=== WHAT YOU WILL DO ===
When the line with "Chargement de la souris Apple Magic Mouse 2" turns up below, begin repeating exactly, and carry on through the line with "Nơi chuyên kinh"; no pictures go into the copy.

=== DATA SECTION ===
-=-=-=-=-
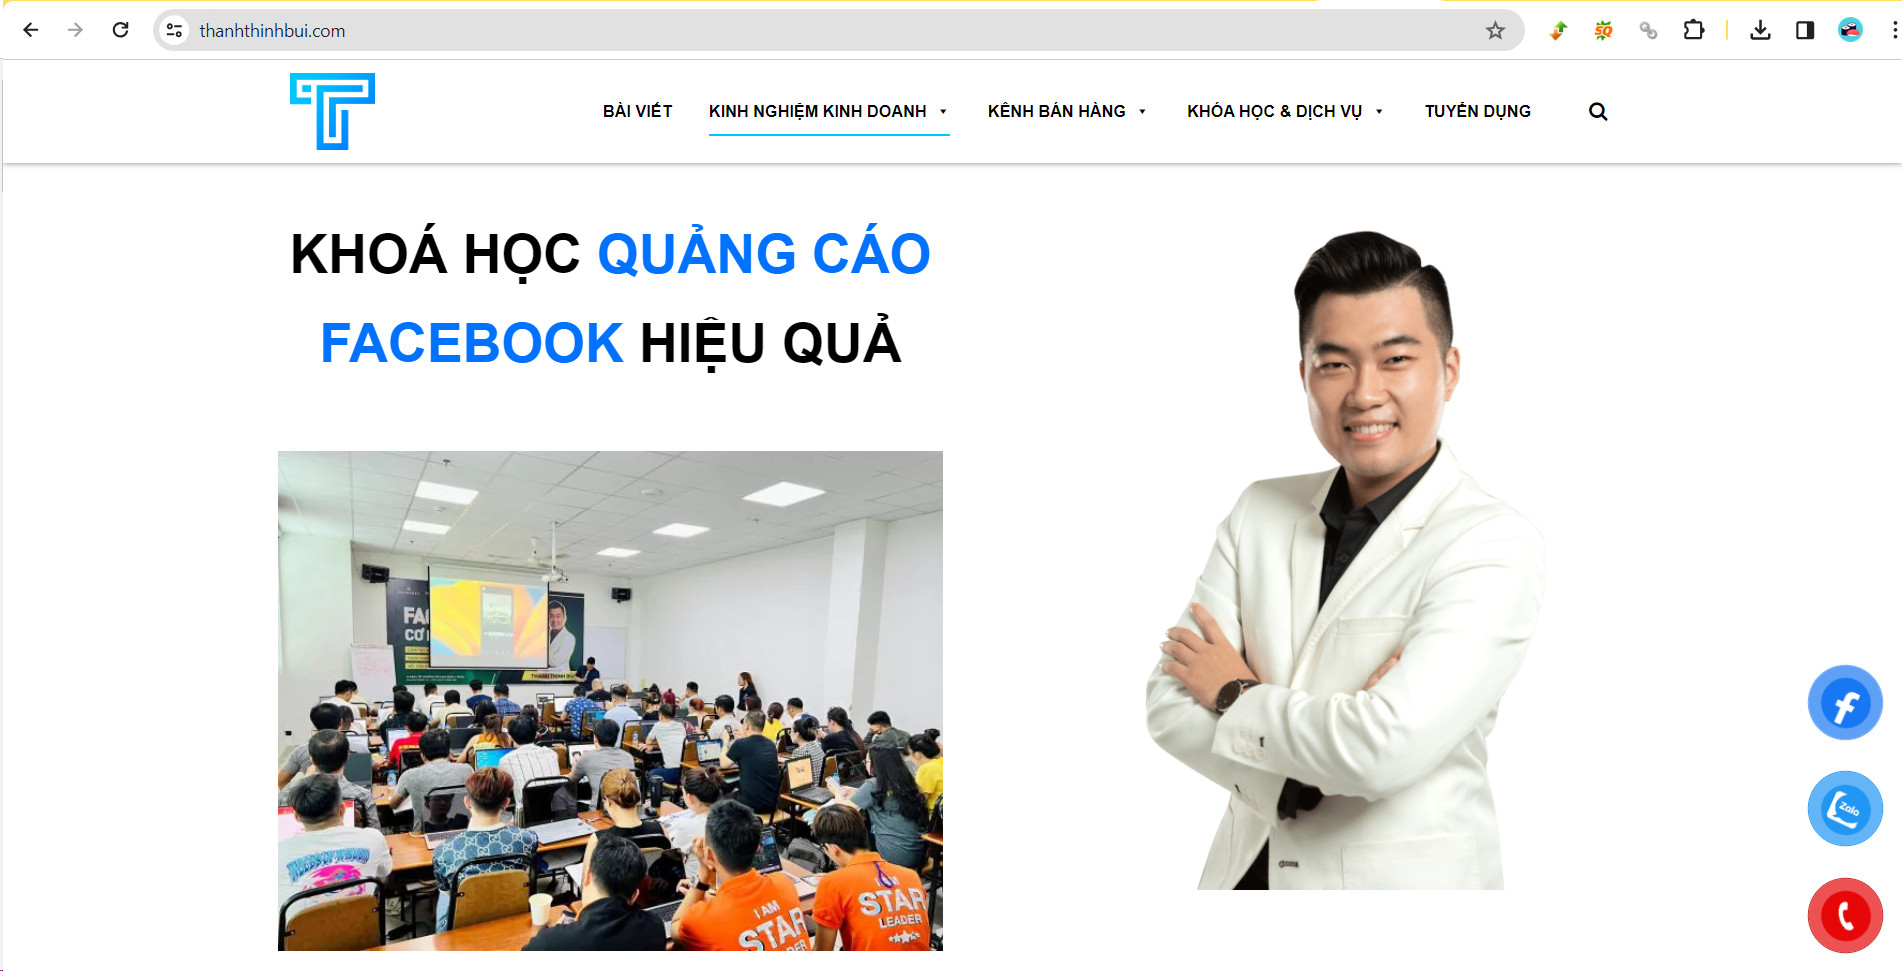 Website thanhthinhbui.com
-=-=-=-=-
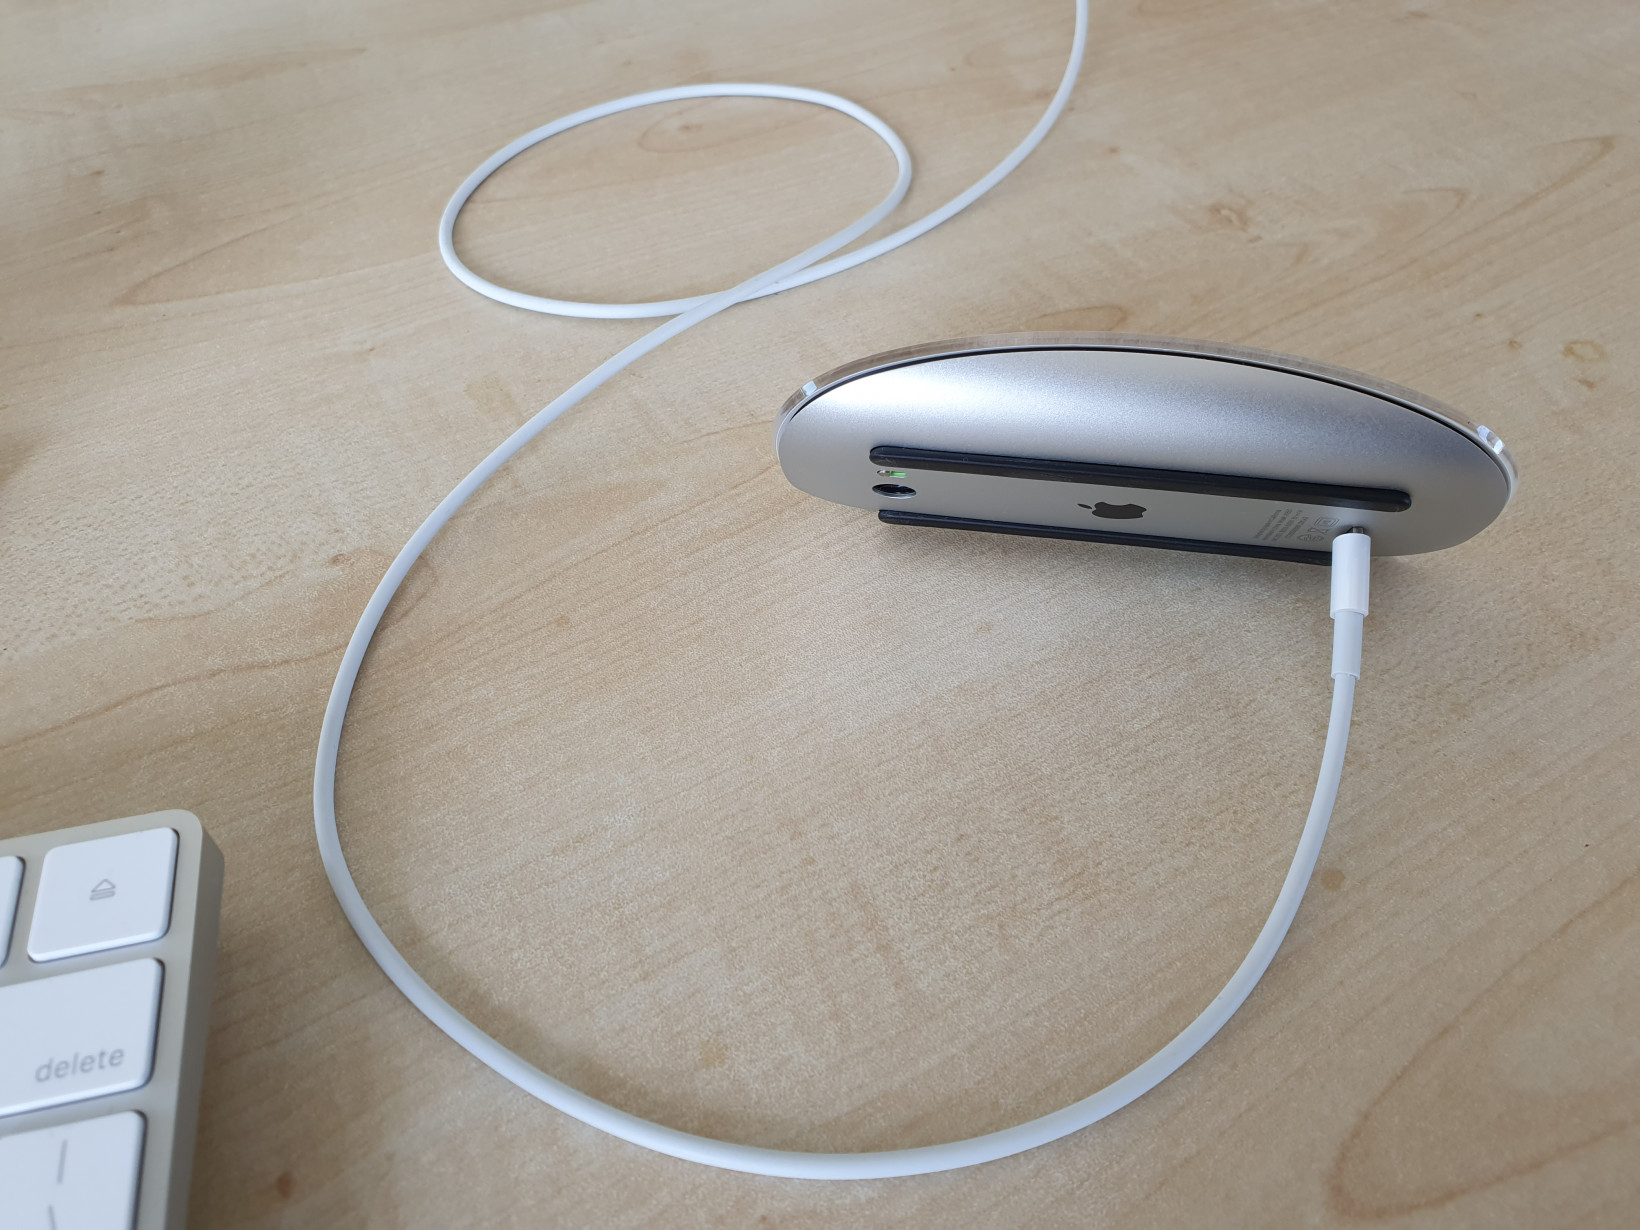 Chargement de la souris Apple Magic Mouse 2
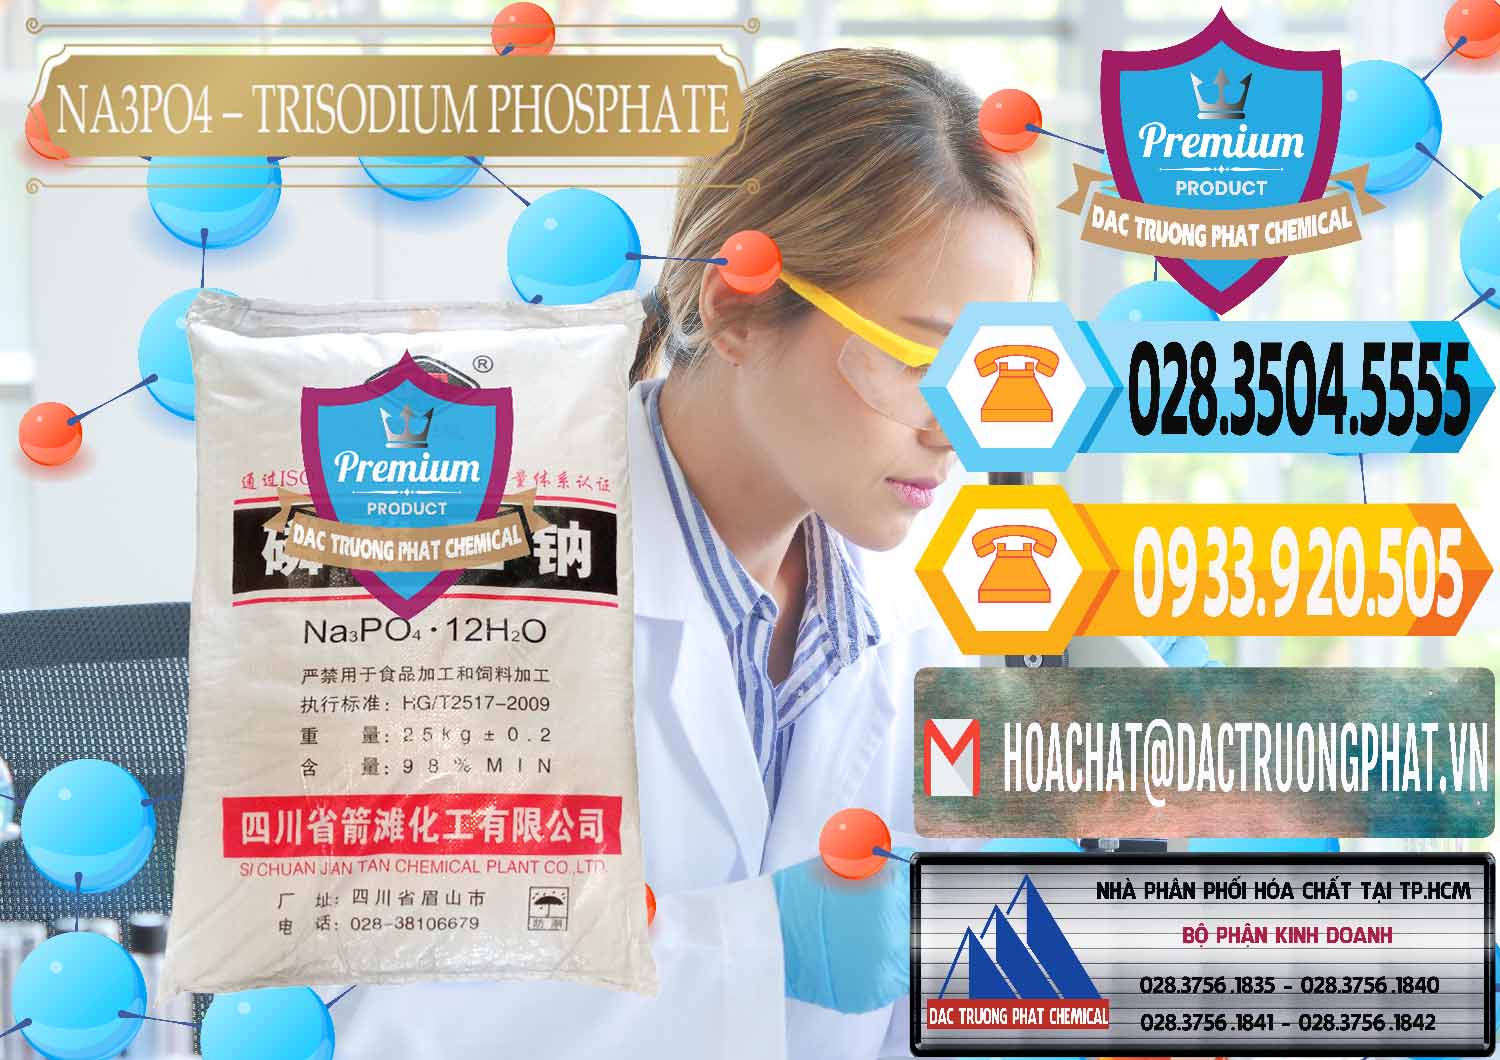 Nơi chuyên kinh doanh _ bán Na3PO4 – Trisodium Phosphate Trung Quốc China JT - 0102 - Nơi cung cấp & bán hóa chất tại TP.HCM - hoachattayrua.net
-=-=-=-=-
=== REPLY ===
 Chargement de la souris Apple Magic Mouse 2
 Nơi chuyên kinh doanh _ bán Na3PO4 – Trisodium Phosphate Trung Quốc China JT - 0102 - Nơi cung cấp & bán hóa chất tại TP.HCM - hoachattayrua.net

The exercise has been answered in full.